Office mkt remains appealing for long-term investors seeking stable returns

Office mkt remains appealing for long-term investors seeking stable returns

April 13, 2023

The Indian office real estate market, which had recovered significantly in early 2022, began to slow down in the latter half due to macroeconomic problems in the developed world.

Rental yields are likely to be stable at best in FY24.

Recovery followed by slowdown

The office leasing market witnessed strong growth in the first half of calendar year 2022.

“This was due to the resumption of economic activity and a gradual acceleration of occupiers’ return-to-office plans,” says Anshuman Magazine, chairman & CEO-India, Southeast Asia, Middle East and Africa, CBRE.

According to data from CBRE, 56.5 million sq ft of office space was absorbed in 2022, up 40 per cent over the 2021 level of 40.5 million sq ft.

Average transacted rent rose by 8.1 per cent in 2022 across the top eight cities, according to Knight Frank India.

“Bengaluru appreciated by 11 per cent, Pune by seven per cent, and Hyderabad by six per cent,” says Vivek Rathi, director research, Knight Frank India.

By the latter half of 2022, the office market began to lose momentum.

“The average rental across the top seven cities, which stood at Rs 78 per sq ft increased only marginally to about Rs 80 per sq ft in the second half,” says Anuj Puri, chairman, Anarock Group.

Corporate withdrew or deferred about 10 million sq ft of requests for proposals (RFPs) in the second half of 2022, according to Anarock Research.

The foremost factor responsible for this trend was the fear of recession in the West.

“The looming threat of recession in the major economies and slowdown in hiring by Indian players in sectors like information technology (IT) and IT-enabled services (ITeS) were the major causes,” says Puri.

The other factor was supply-related.

“An oversupply situation is building up in a few markets,” says Puri.

Stable rentals

The slowdown and the layoffs in Western markets, especially the United States (US), will continue to impact India’s office market in FY24.

The IT-ITeS industry is already bearing the brunt.

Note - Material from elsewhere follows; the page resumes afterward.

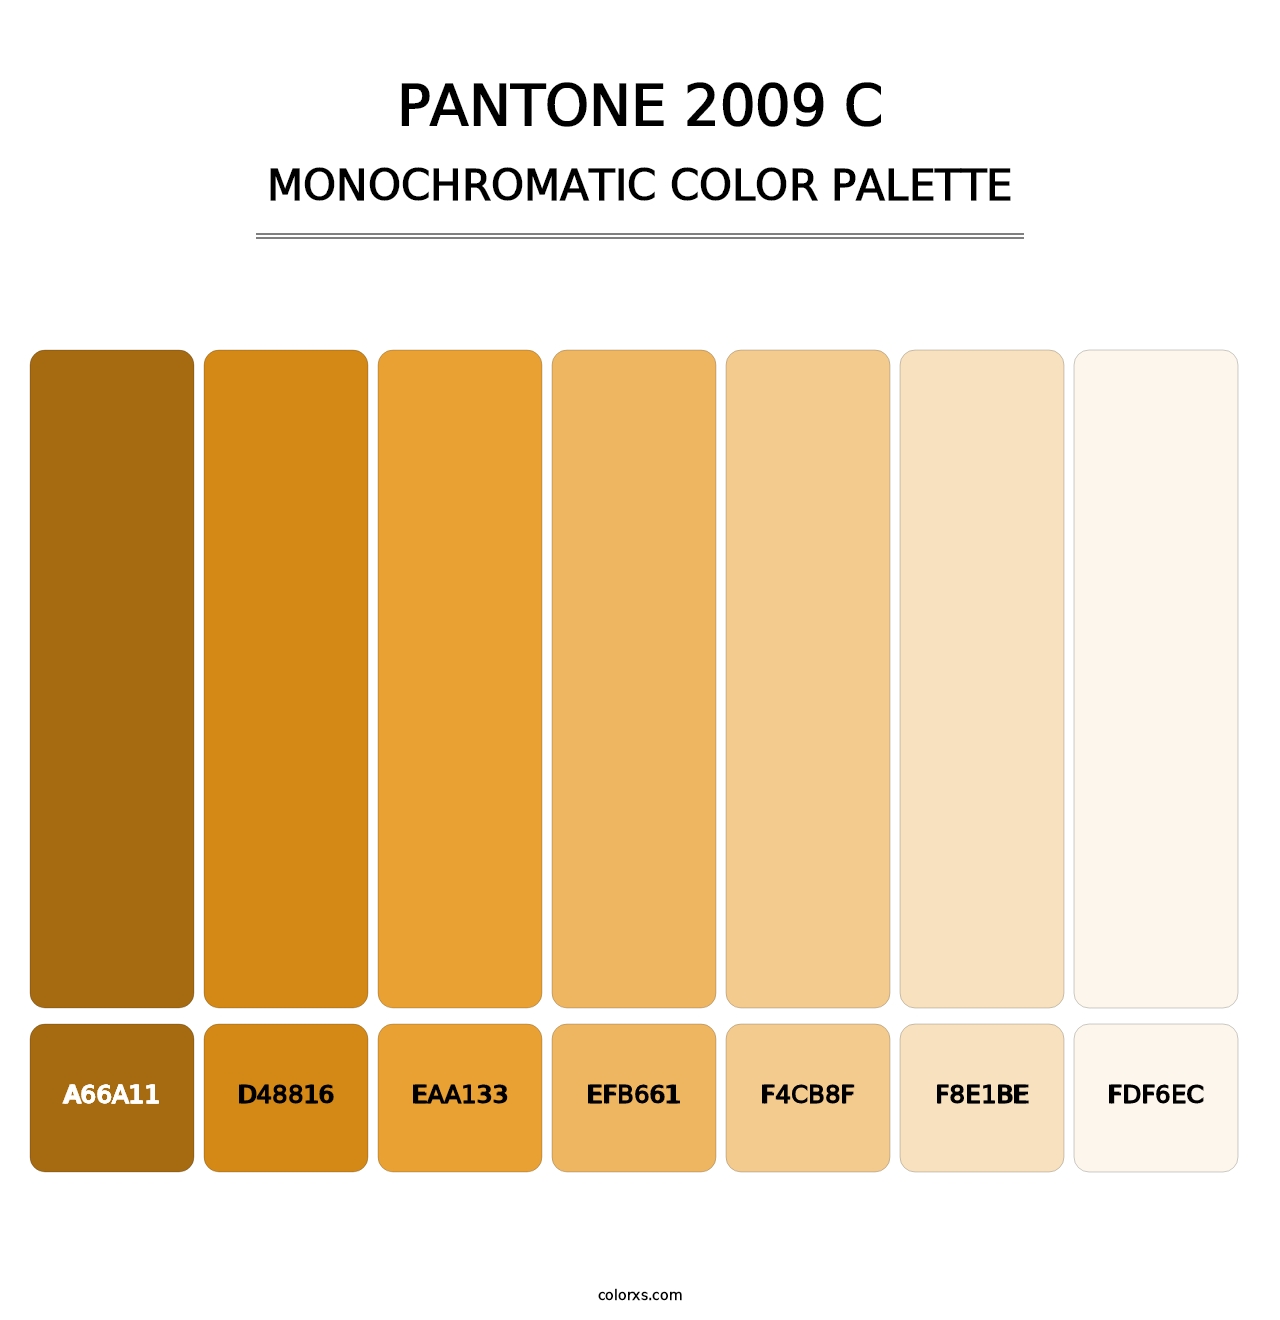 PANTONE 2009 C - Monochromatic Color Palette

“Most clients are looking to cut down on assignments and are not awarding new contracts, so we are unlikely to see an increase in outsourcing to India,” says Puri.

Rathi adds that many corporates have deferred their plans for the expansion of office space by a few quarters.

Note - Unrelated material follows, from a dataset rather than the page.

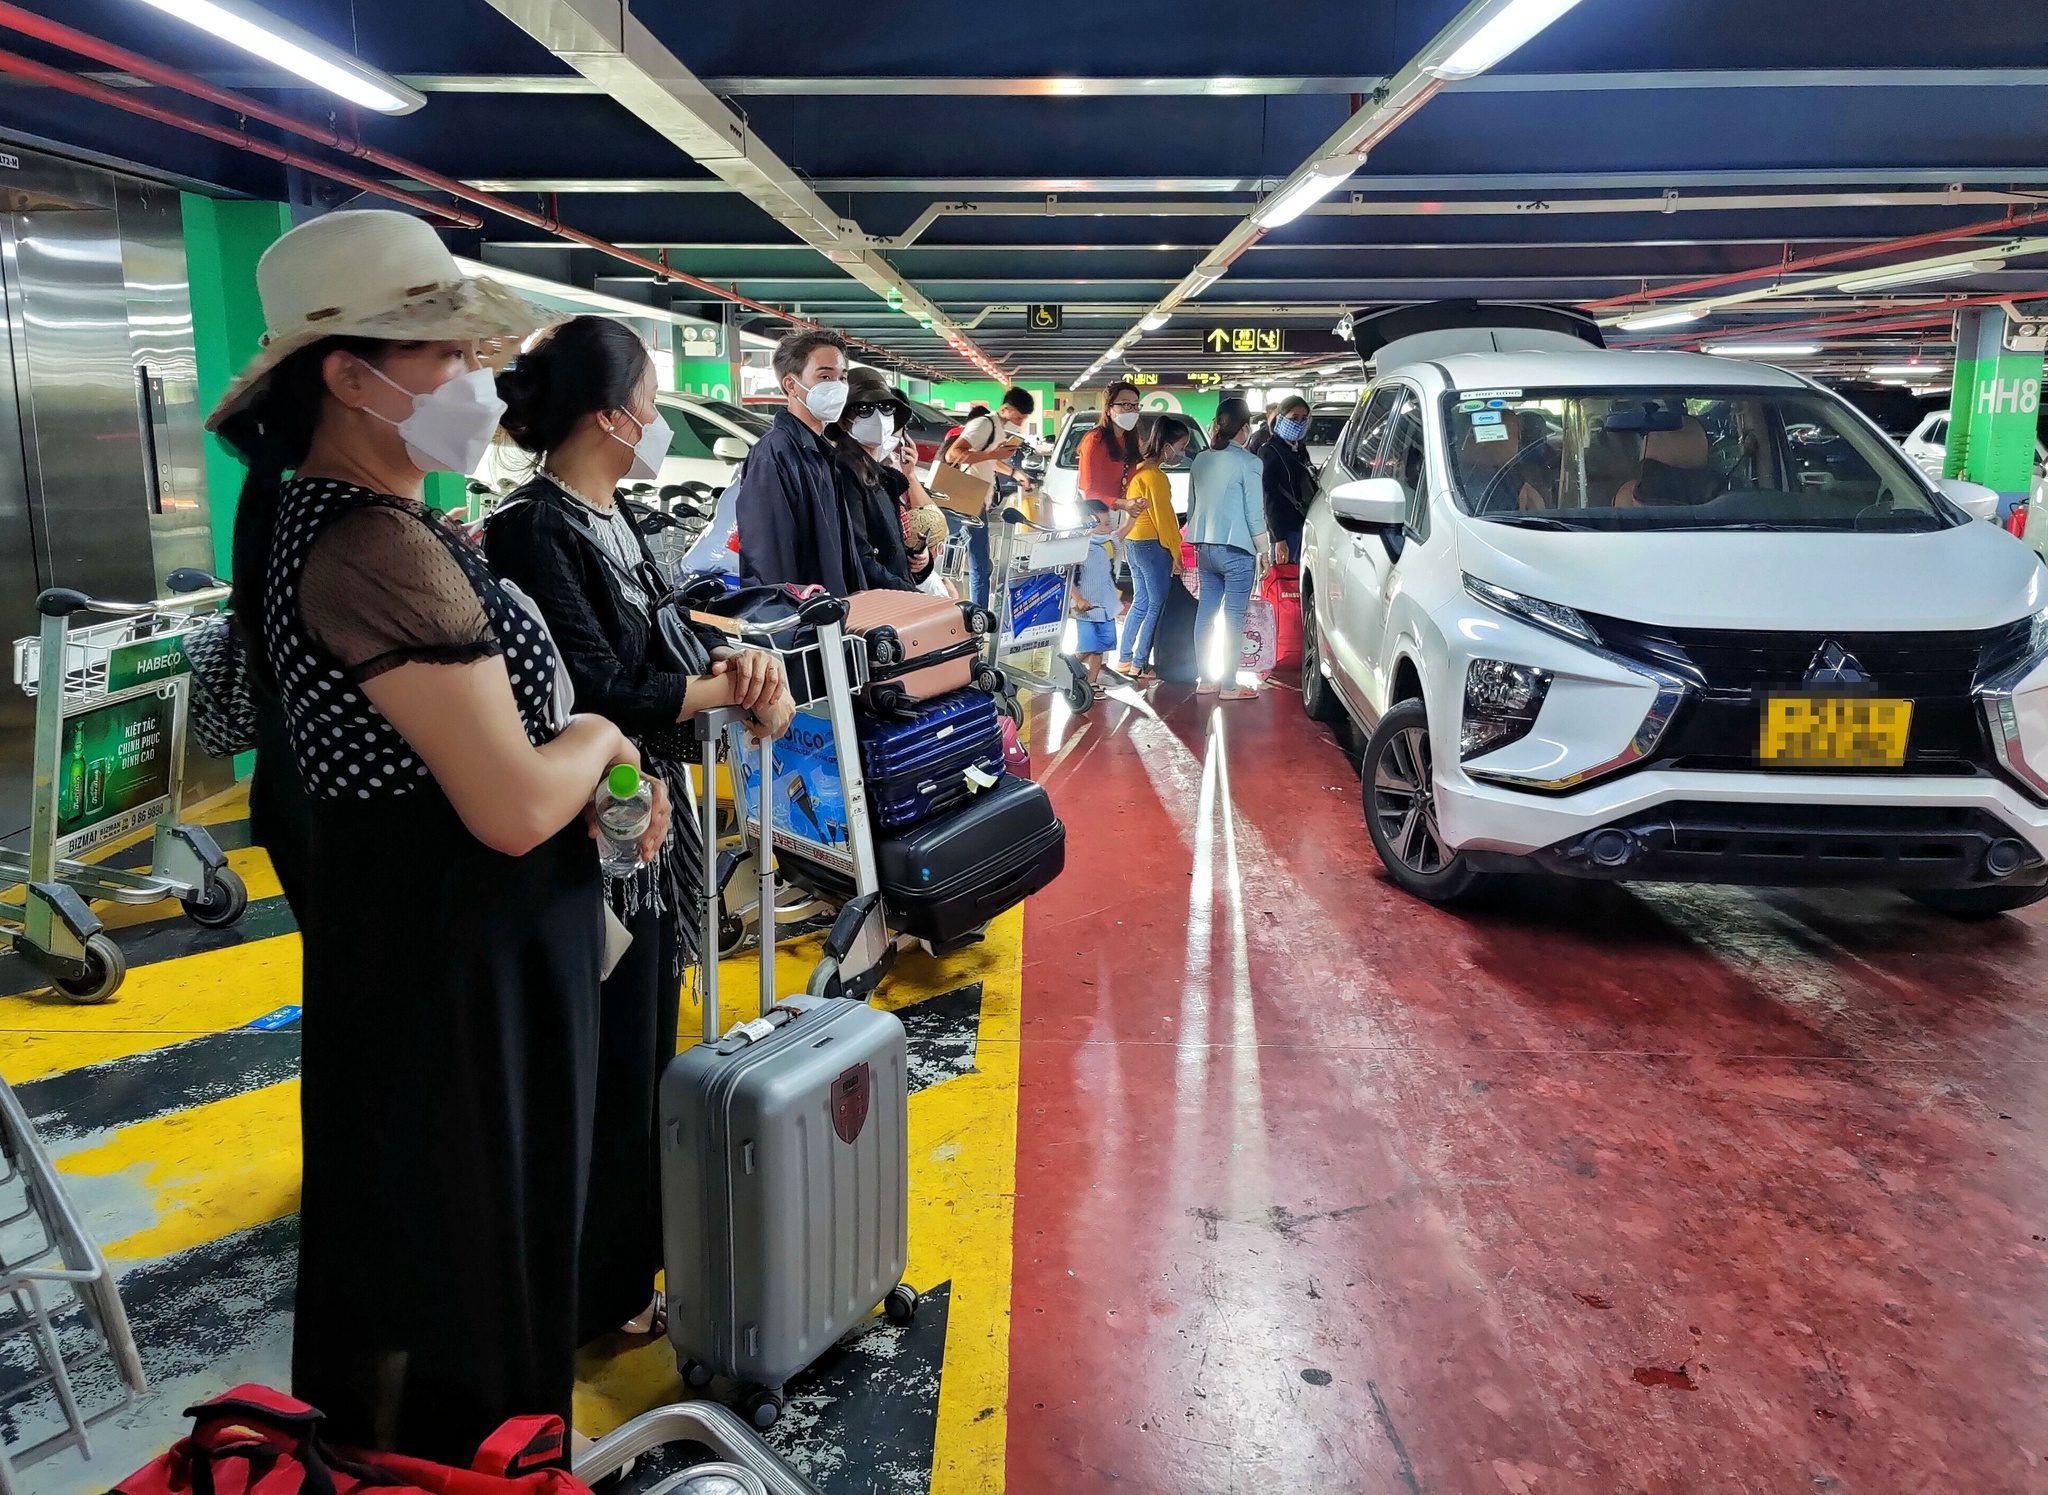 Dẹp nạn bát nháo taxi tại sân bay Tân Sơn Nhất - ảnh 1

The tightening of interest rates in the US may also impact capital flows and private-equity investment in India.

“If rate hikes continue at an intense pace in the US, investment flows into India may get delayed,” says Rathi.

Around 51-53 million sq ft of quality space is likely to be delivered in 2023, according to CBRE.

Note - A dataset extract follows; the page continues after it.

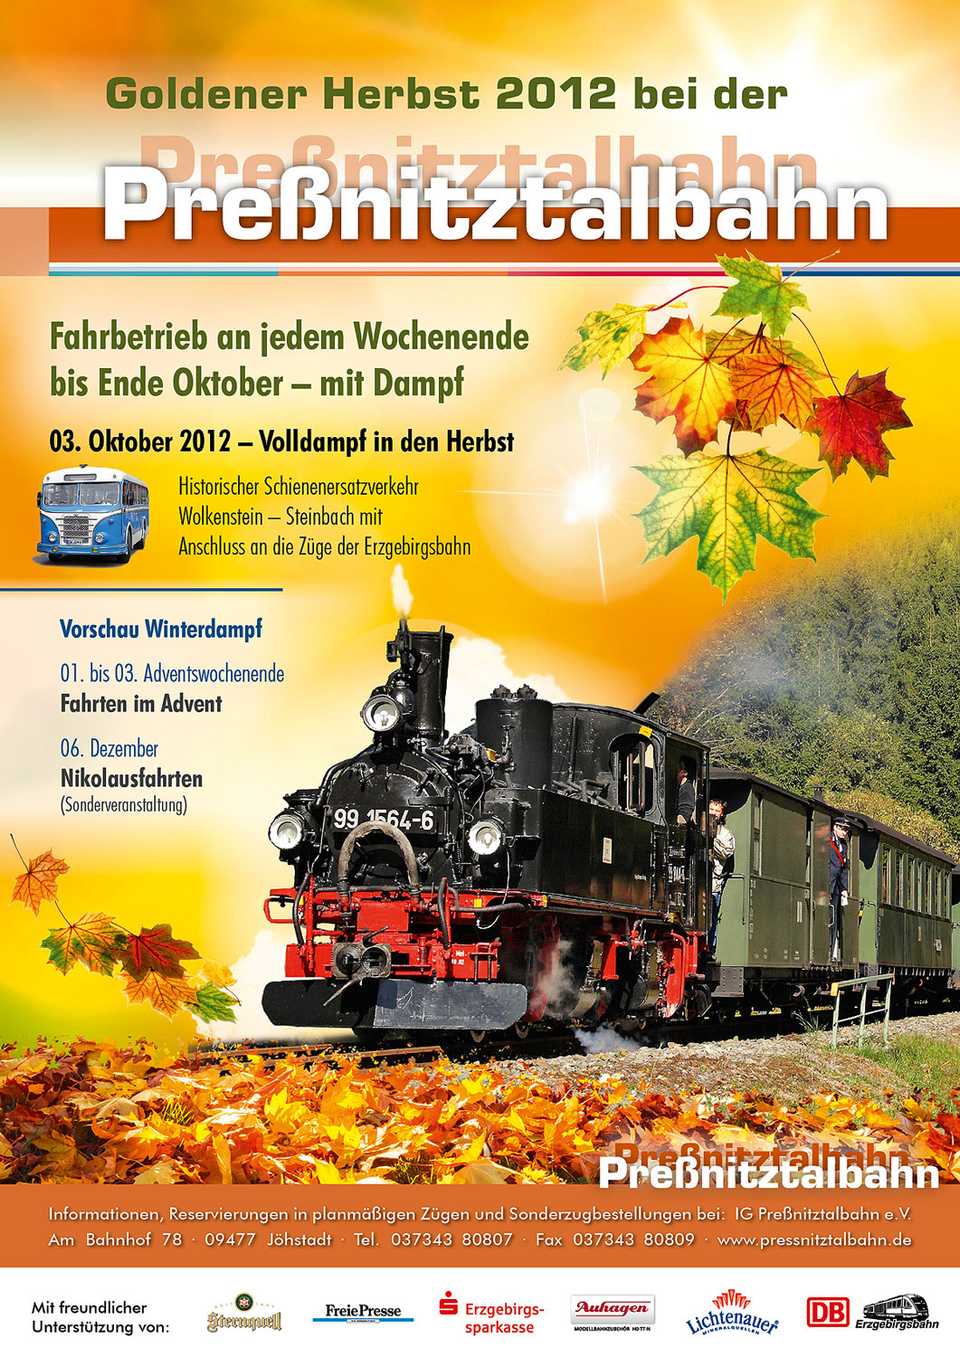 Veranstaltungsposter "Goldener Herbst 2012 bei der Preßnitztalbahn"

So much supply in a muted demand environment may also prevent rentals from appreciating.

Sound medium-term prospects

The availability of cost-effective talent and competitively priced office space mean India will remain a popular outsourcing destination.

Demand from domestic corporates will also keep the market steady.

“Office real estate has the potential to offer stable returns.

“While the rental yield ranges from 8.5 to over 10 per cent, the potential for rental escalations and capital appreciation can increase the internal rate of return to 12-14 per cent,” says Piyush Gupta, managing director, capital markets & investment services, Colliers India.

Investors can make leveraged investments in this asset class by taking bank loans.

Do the due diligence

Begin with a thorough title check. If banks are willing to fund investment in a building, that is a positive sign.

“Study recent leases and understand the building’s lease potential.

“Also study the micro market to understand its longer-term prospects, including infrastructure developments that are in the pipeline.

“Also, assess the quality of the end-user that is likely to opt for building,” says Gupta.

Rathi suggests opting for a city and micro market where occupier interest is strong, grade A supply from credible developers is available, and where the policy environment is supportive.

Magazine suggests focusing on high-quality assets with a good blend of technology, wellness, and sustainability features.

Disclaimer: This article is meant for information purposes only. This article and information do not constitute a distribution, an endorsement, an investment advice, an offer to buy or sell or the solicitation of an offer to buy or sell any securities/schemes or any other financial products/investment products mentioned in this article to influence the opinion or behaviour of the investors/recipients.

Any use of the information/any investment and investment related decisions of the investors/recipients are at their sole discretion and risk. Any advice herein is made on a general basis and does not take into account the specific investment objectives of the specific person or group of persons. Opinions expressed herein are subject to change without notice.